### The task:
Transcribe the listing that follows in full, omitting pictures.

Information shown: Begin

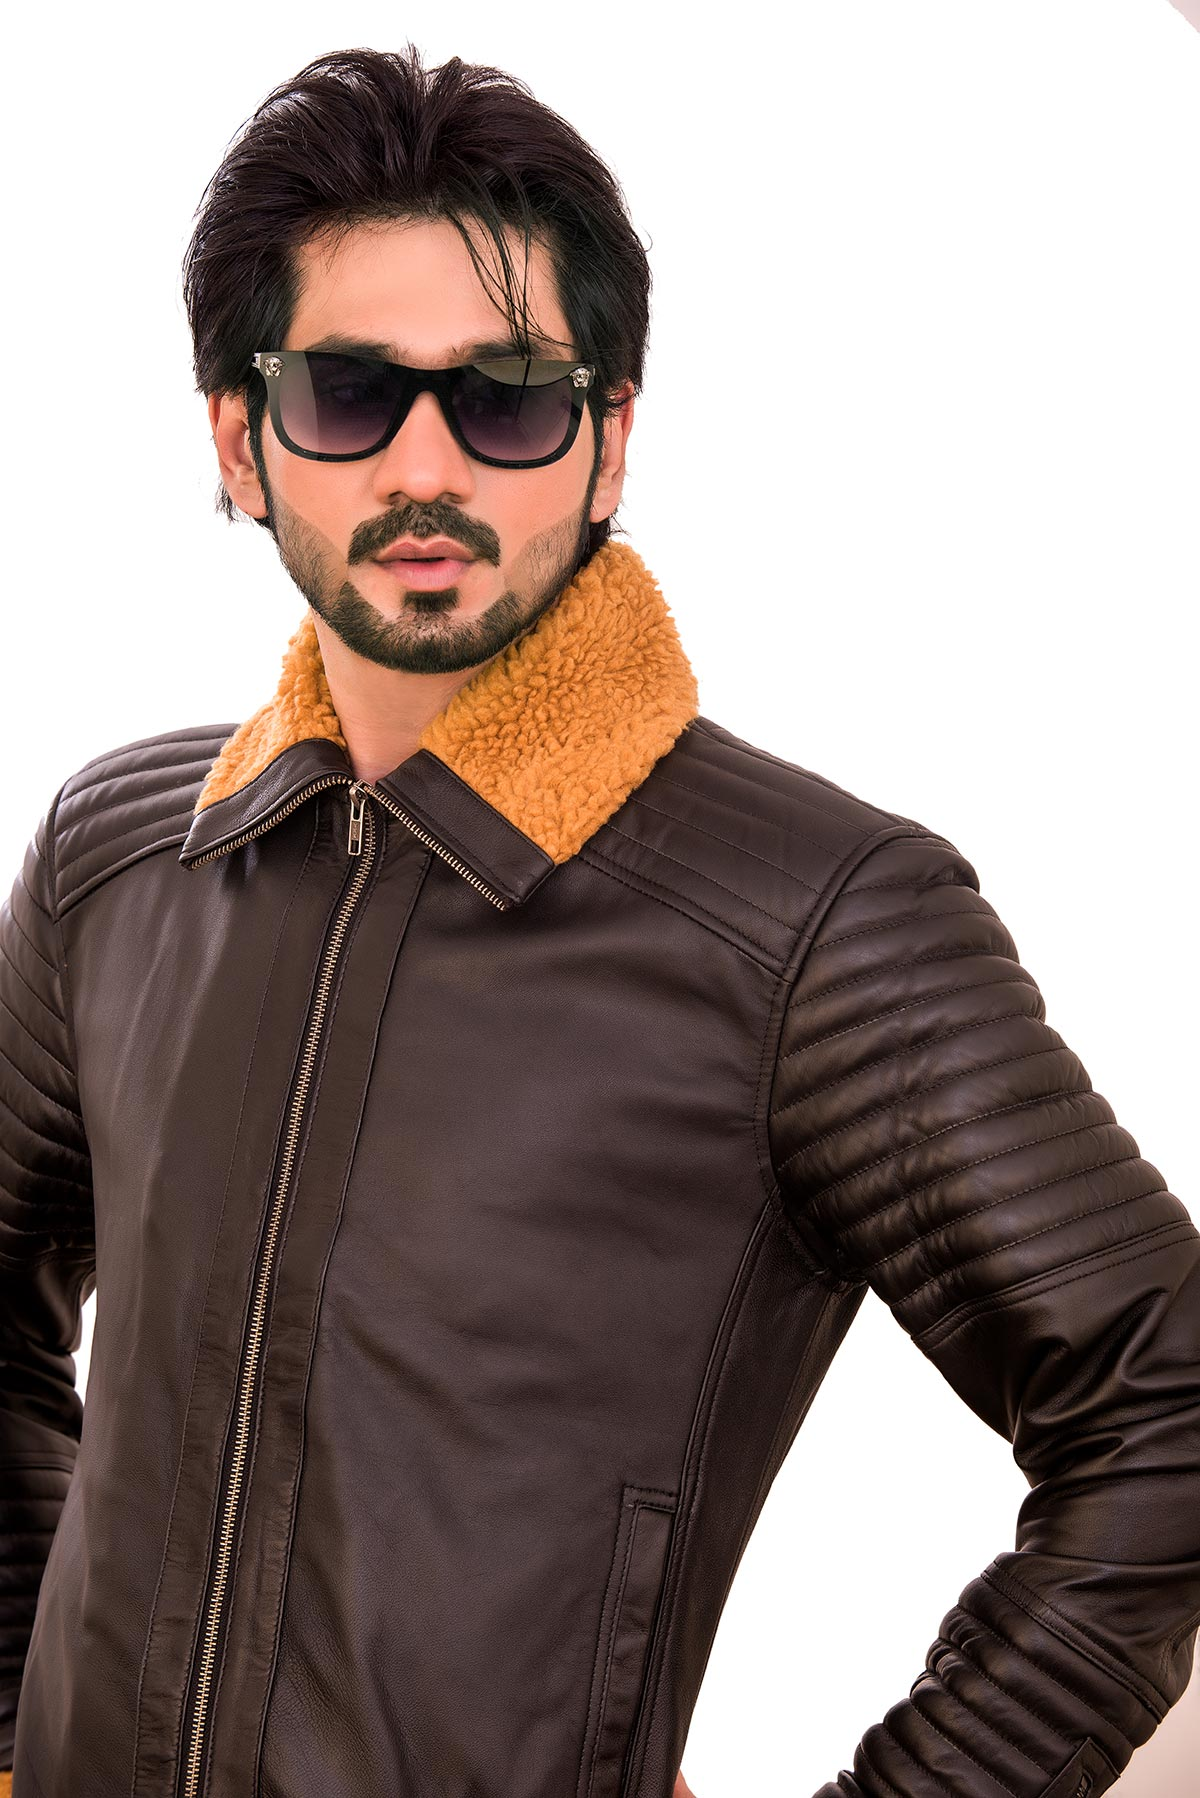 men's fashion 2021 leather jacket
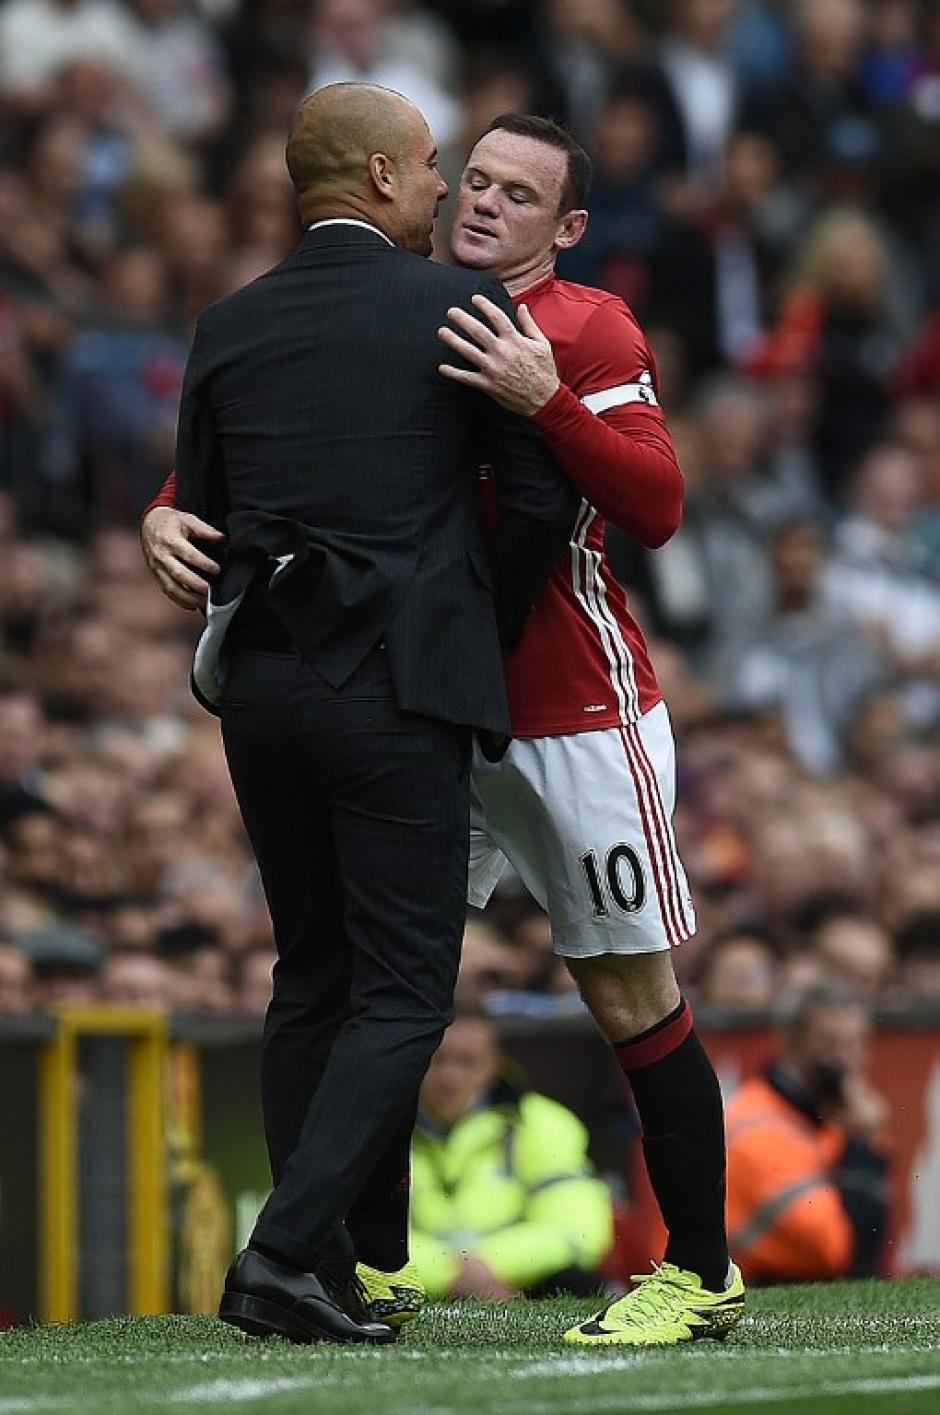 El jugador inglés se enfadó y forcejeó con Guardiola. (Foto: AFP)
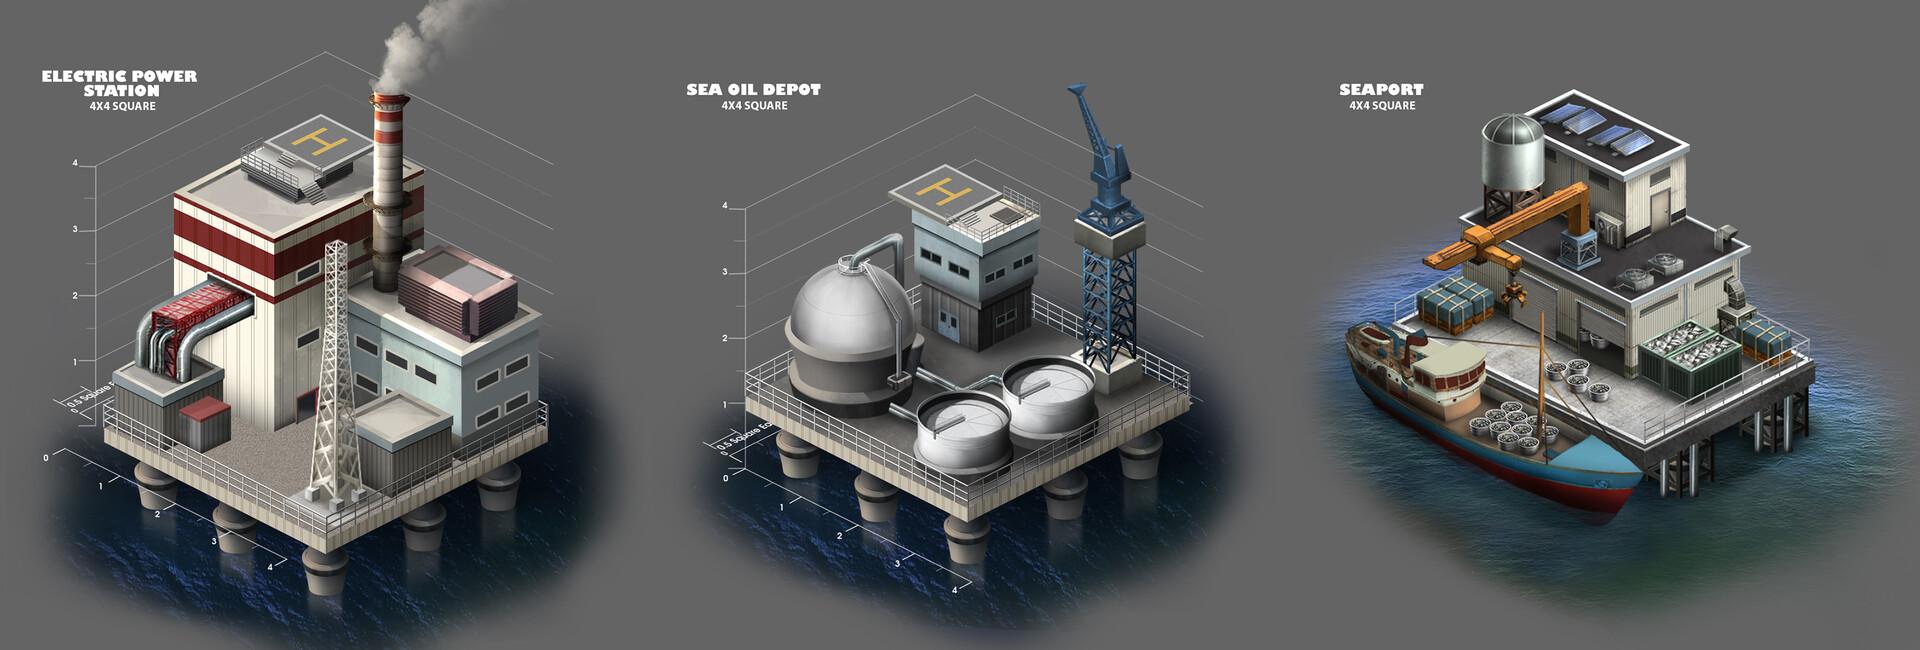 Ferdinand ladera naval structures

Information shown: End

### Problem solution:
 men's fashion 2021 leather jacket
 El jugador inglés se enfadó y forcejeó con Guardiola. (Foto: AFP)
 Ferdinand ladera naval structures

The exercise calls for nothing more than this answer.